Туморнекротизирующий фактор (TNF-α) – проявляет резкое снижение в остром опыте и на первые сутки эксперимента с тенденцией на увеличение на 3–и сутки, но не достигая контрольных показателей. Это отражает резкое угнетение синтеза клетками Купфера данного цитокина. Выявленная динамика IL-6 отражает устойчивое снижение участия клеток Купфера в процессах пролиферации и дифференцировке гепатоцитов в ответ на повреждение этанолом в исследуемые периоды.

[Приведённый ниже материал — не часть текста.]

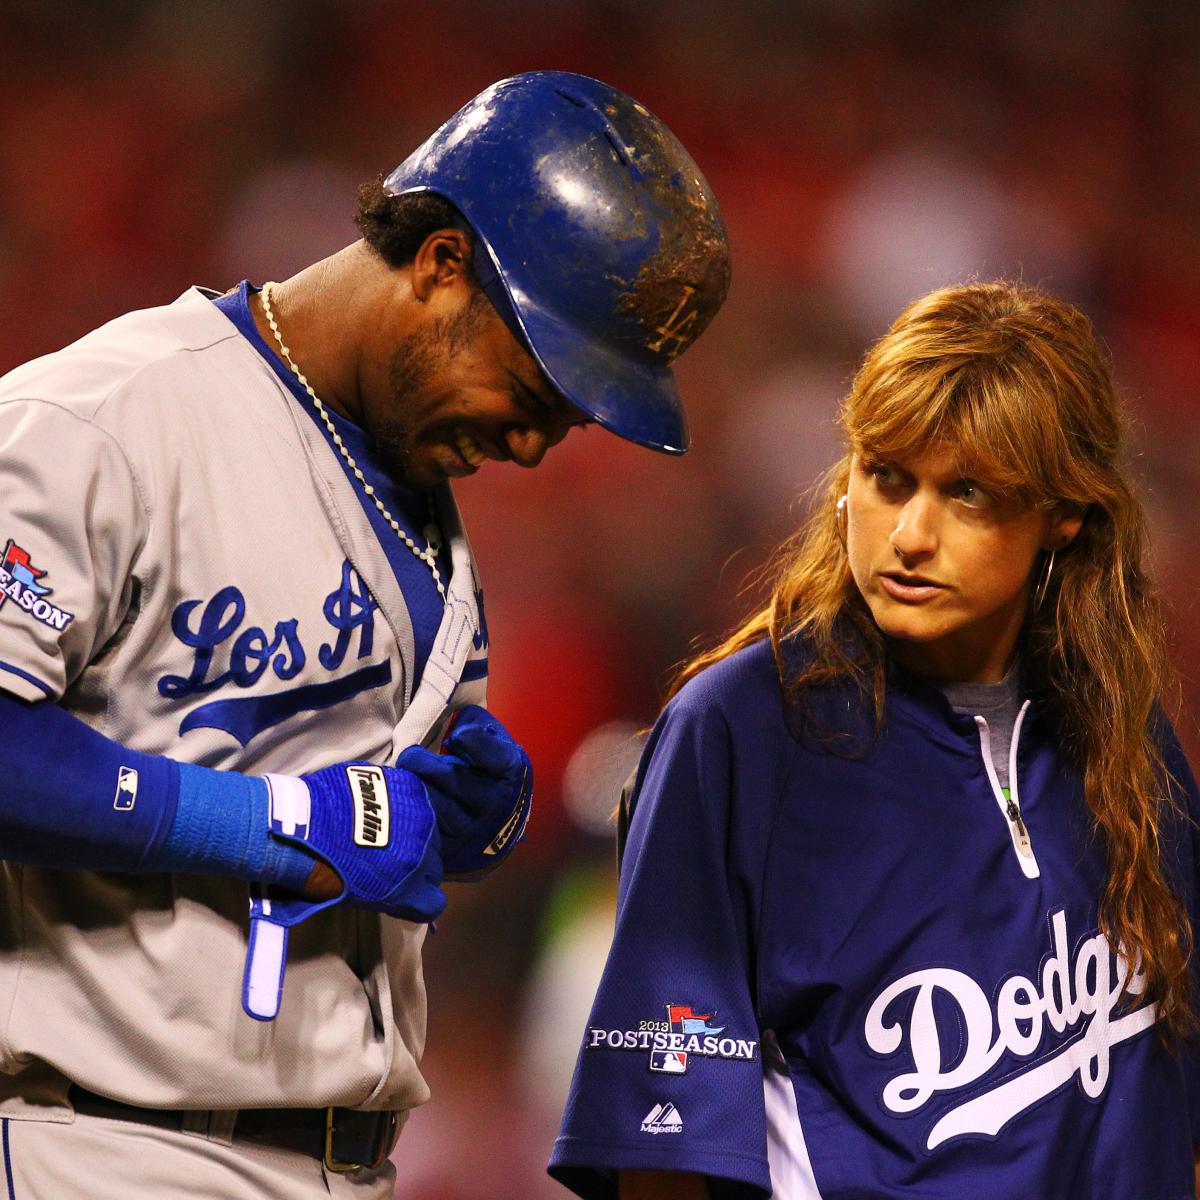 Hanley Ramirez remade himself, with remarkable results - The

Динамика показателей IL-1β синтезируемый клетками Ито, проявляет резкое увеличение в остром опыте и далее резкое снижение на 1-е и 3-е сутки эксперимента. Это отражает резкое угнетение реагирования специфического иммунного, а также выступая в качестве одного из главных медиаторов, ответственных за развитие неспецифических форм защиты, отражает угнетение формирования местной воспалительной реакции и острофазного ответа, после этаноловой интоксикации, а также отражает угнетение процессах обновления и ремоделирования внеклеточного матрикса (ВКМ) не только путем синтеза структурных матриксных белков клетками Ито, но и путем синтеза и секреции коллагеназ.
Выявленная дифференцированная динамика исследуемых цитокинов обеспечила стимулирование гепатоцитов к пролиферации и как следствие снижение числа диплоидных гепатоцитов в G0/G1 стадии клеточного цикла.